Prelúdio 09 – Maria Luisa Rodriguez
“O empuxo à criação na clinica da psicose”
Desde a convocação lacaniana de não recuar diante da psicose, com a teorização sobre a Metáfora Paterna e sua função no estabelecimento da norma fálica, até a elaboração do conceito de sinthoma, constituiu-se uma comunidade analítica lacaniana com uma considerável experiência da clinica da psicose. Acumulamos uma importante discussão do que vem a ser o sujeito na psicose e formulamos a questão da transferência e do manejo no seu tratamento possível, onde o analista deve se posicionar não pela via da interpretação, mas como testemunha, secretário ou garantia do que lhe é endereçado.
A expressão secretário do alienado, utilizada por Lacan para referir-se à posição do analista diante da psicose, foi usada inicialmente por Jean-Pierre Falret, justamente para criticar as práticas descritivas da psiquiatria de sua época e para propor a importância de dar voz aos pacientes. Mais tarde foi retomada por Lacan, que ressaltará a necessidade de que o analista se deixe ensinar pelo analisante, acolhendo a sua produção e abstendo-se de interpretações na clínica da psicose.
Tomar a psicose a partir dessas premissas significa avançar na trilha aberta por Freud, em sua posição ética que situa a psicose, não a partir de seus déficits e de sua desordem, mas reconhecendo-a como uma ordem. Freud indica que o sujeito deve ser buscado na sua produção psicótica e na análise do caso Schreber demonstra que o que o sujeito reinterpreta no seu delírio é o Outro. É essa reinterpretação do Outro que dá a ele, Schreber, o lugar de sujeito.
Colette Soler, em seu livro A Psicanálise na Civilização, propõe a ocorrência de um empuxo à criação na psicose, devido à não inscrição do Nome-do-Pai, considerando que, se por um lado, essa não inscrição pode produzir efeitos desorganizadores que se manifestam nos fenômenos de perda da realidade, de passagens ao ato, e outros, também pode, por outro lado, funcionar como um starter para produções inéditas (SOLER, 1998).

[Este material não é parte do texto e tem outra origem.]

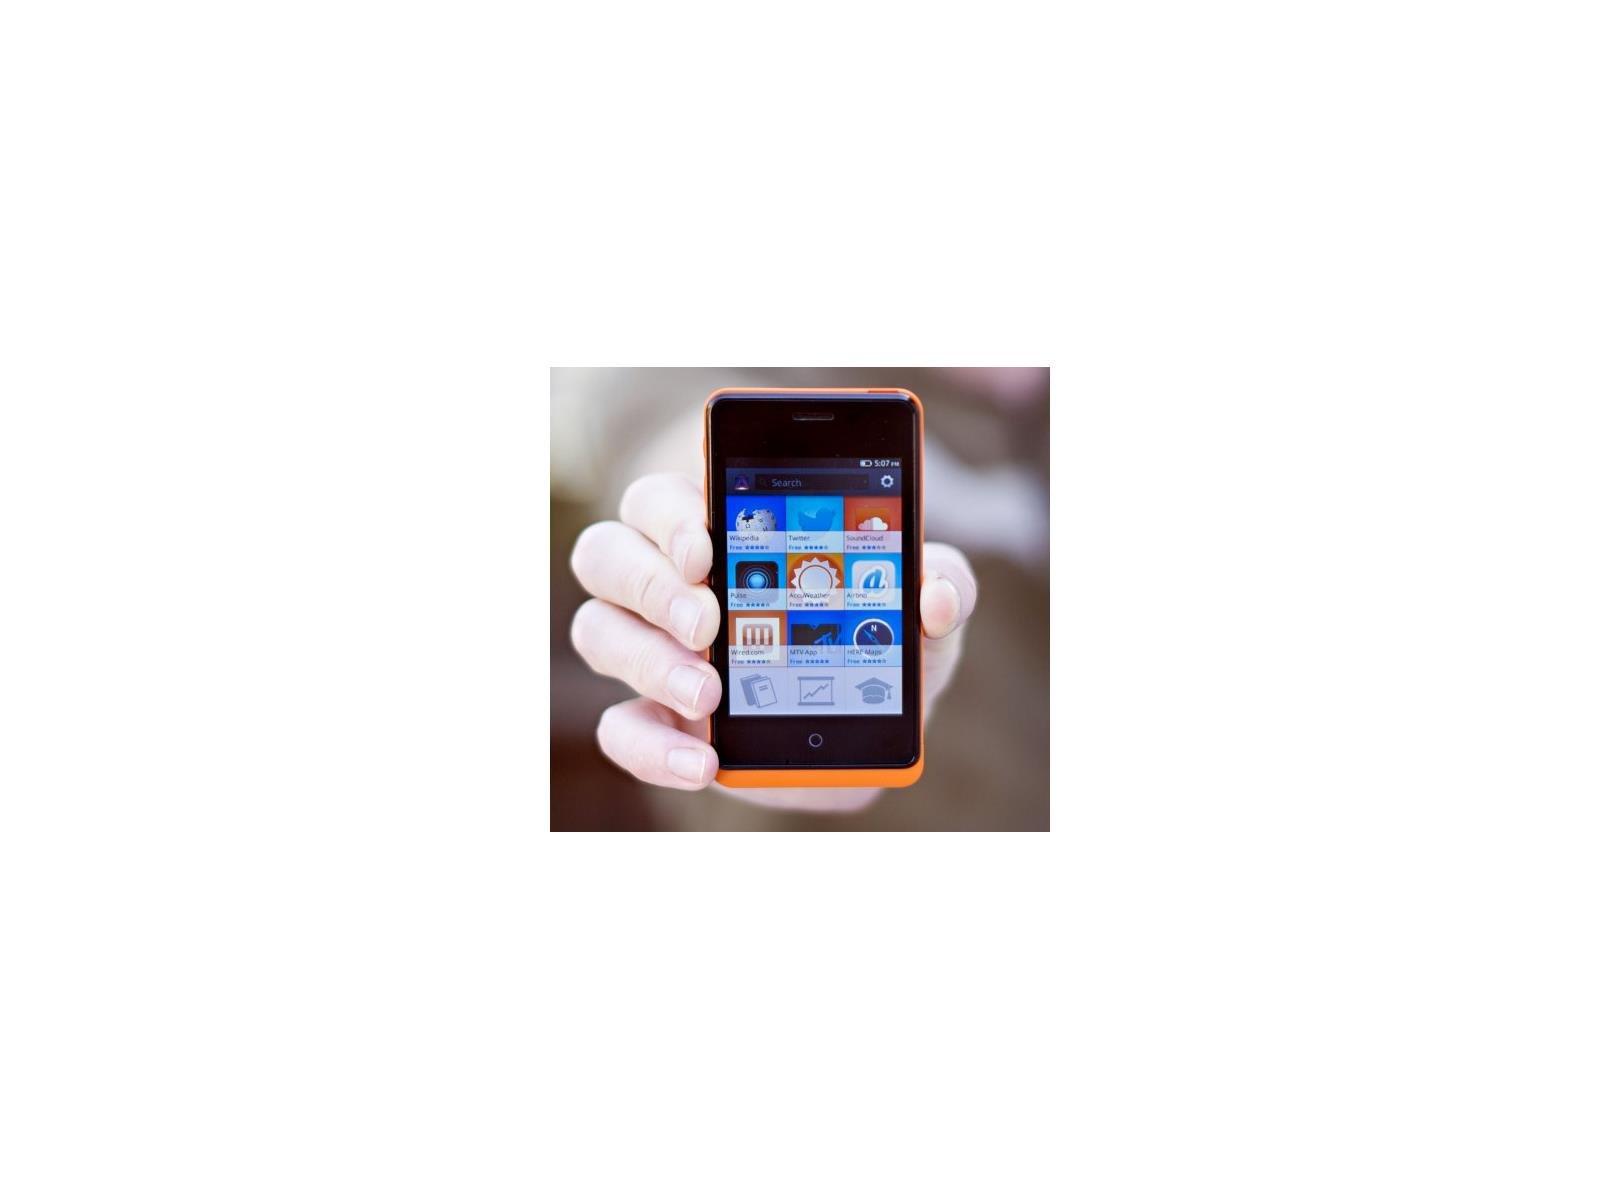 Mozilla Handing Out Free Firefox OS Developer Phones To Bolster App

Aqui temos uma importante indicação no que diz respeito ao tratamento da psicose. Sem dúvida, observamos esse empuxo à criação na trajetória dos grandes criadores, artistas e cientistas que sofrem da estrutura psicótica, como Joyce ou Rousseau; ou mesmo de sujeitos que estruturam um delírio monumental, como é o caso do Presidente Schreber. Mas esse empuxo à criação também se apresenta no dia a dia da clínica, guardadas as devidas proporções, na produção de ideias delirantes que tentam ordenar o gozo do Outro sem barra. Isto porque o “empuxo à criação” é um traço da estrutura psicótica, efeito da ausência da norma fálica, que pode ser observado nas construções delirantes desses sujeitos, no cotidiano da clinica.

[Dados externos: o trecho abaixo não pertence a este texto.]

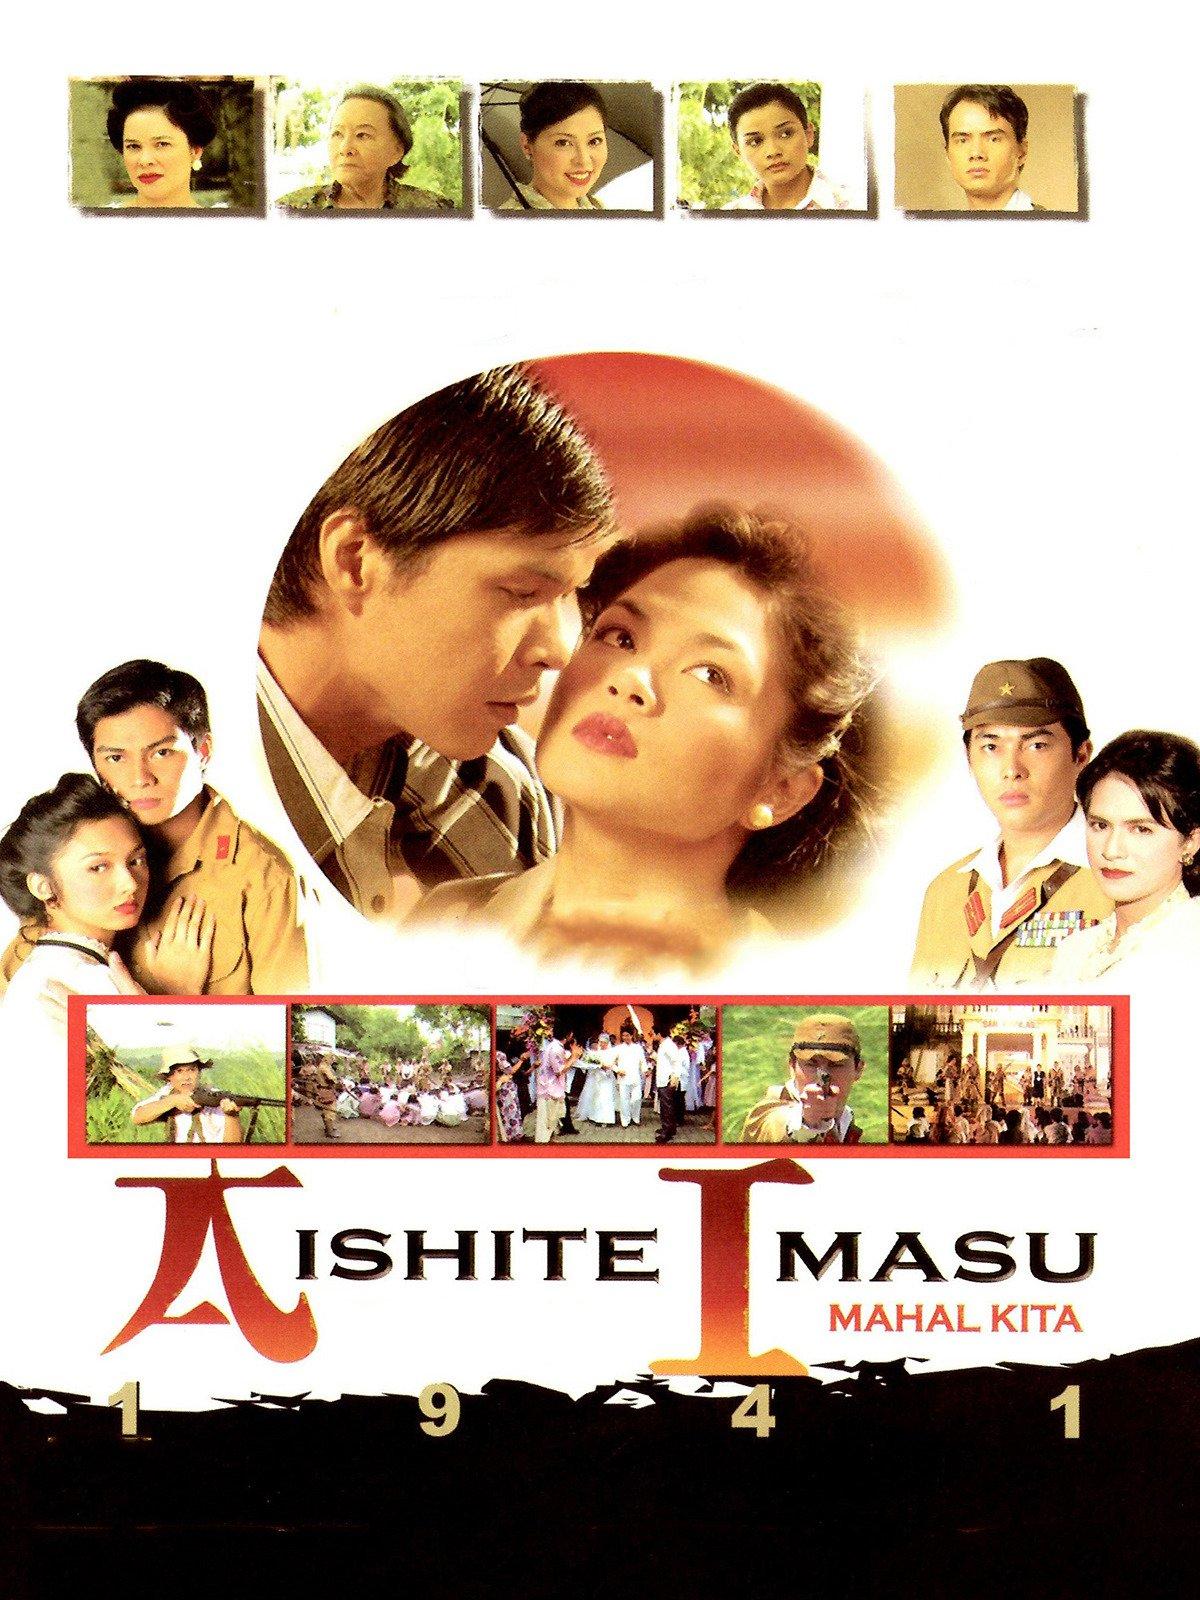 Aishite imasu (Mahal kita) 1941 on Amazon Prime Video UK

Se o psicótico encontra um lugar de endereçamento de sua produção delirante poderá construir uma alternativa para a foraclusão através de uma criação delirante inédita, que faça suplência ao Nome-do-Pai ausente na estrutura. Isso pode ocorrer sem que o sujeito esteja em análise, como é o caso do Presidente Schreber ou de Joyce. Pode ocorrer sempre que se constitua um lugar de endereçamento. Na clinica, a presença do analista deve garantir o espaço de endereçamento, se o analista se deixa ensinar pela experiência radical da psicose, recolhendo sua produção simbólica.

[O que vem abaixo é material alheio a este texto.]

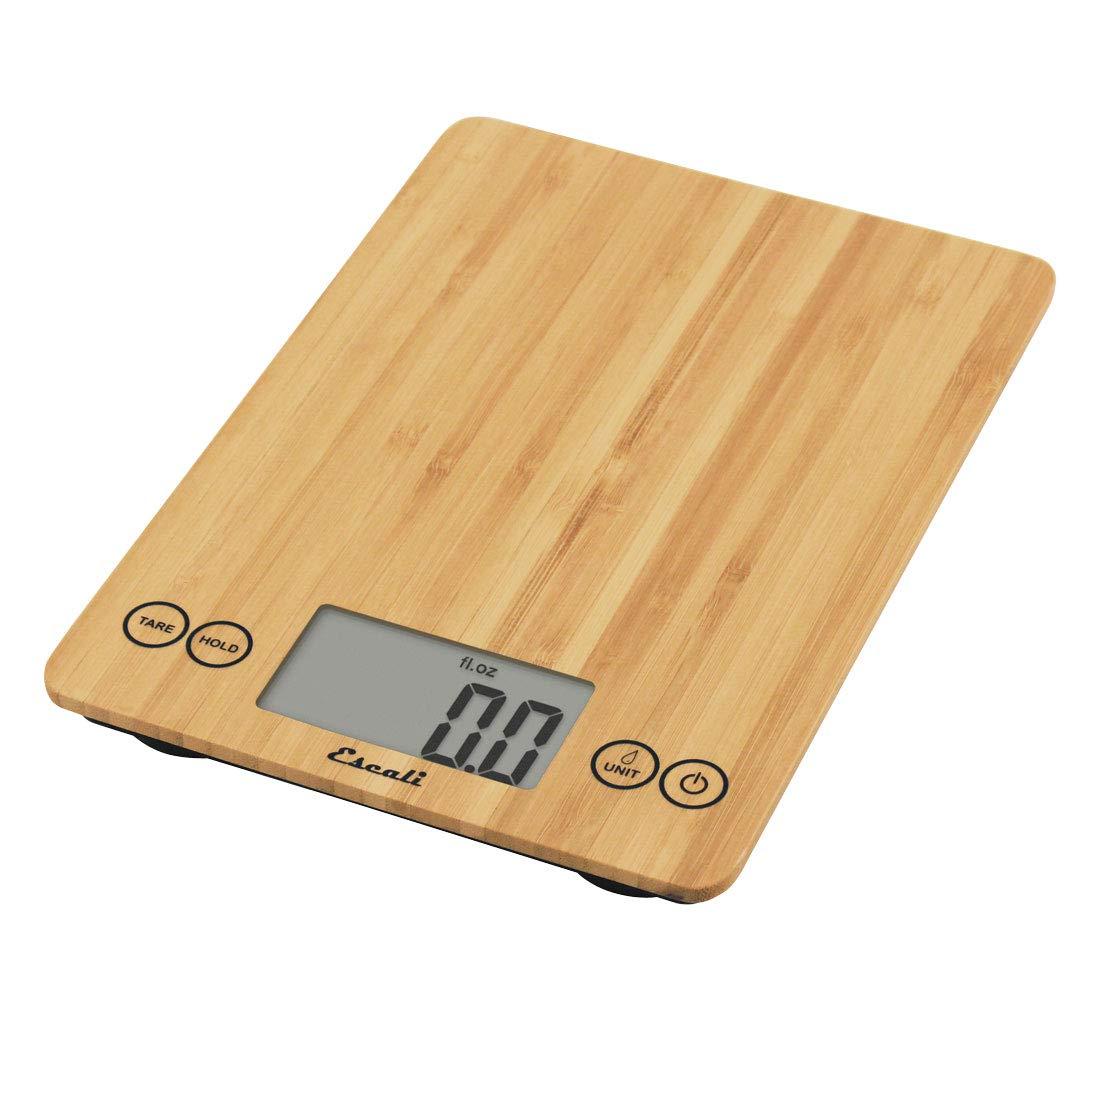 Escali ECO157 Arti Digital Kitchen Scale 15Lb/7Kg, Bamboo, 7 kg, Natural

Sabemos que nos dias de hoje, a neurociência avança de forma muito potente, aliada aos interesses da acumulação de capital da indústria química, propondo a medicalização generalizada como forma de tratamento do mal estar na psicose. Uma intervenção que amenize a invasão alucinatória delirante pode ser muito eficiente para criar a possibilidade de uma existência menos avassalada pelo Outro, mas jamais tomará o lugar que cabe ao sujeito de buscar a maneira especifica pela qual encontrará a sua estabilização. Para isso é preciso o desejo decidido do analista que sustente a aposta na clinica da psicose e propicie, ao sujeito psicótico, esse lugar de trabalho e produção.
Bibliografia
BERCHERIE,P. Os fundamentos da clinica: história e estrutura do saber psiquiátrico. Rio de Janeiro, Jorge Zahar Editor, 1989
FREUD, Sigmund. (1919) “Nuevos caminos de la terapia psicoanalitica” . Em: Obras Completas, vol. XVII. Buenos Aires: Amorrortu editores, 1996.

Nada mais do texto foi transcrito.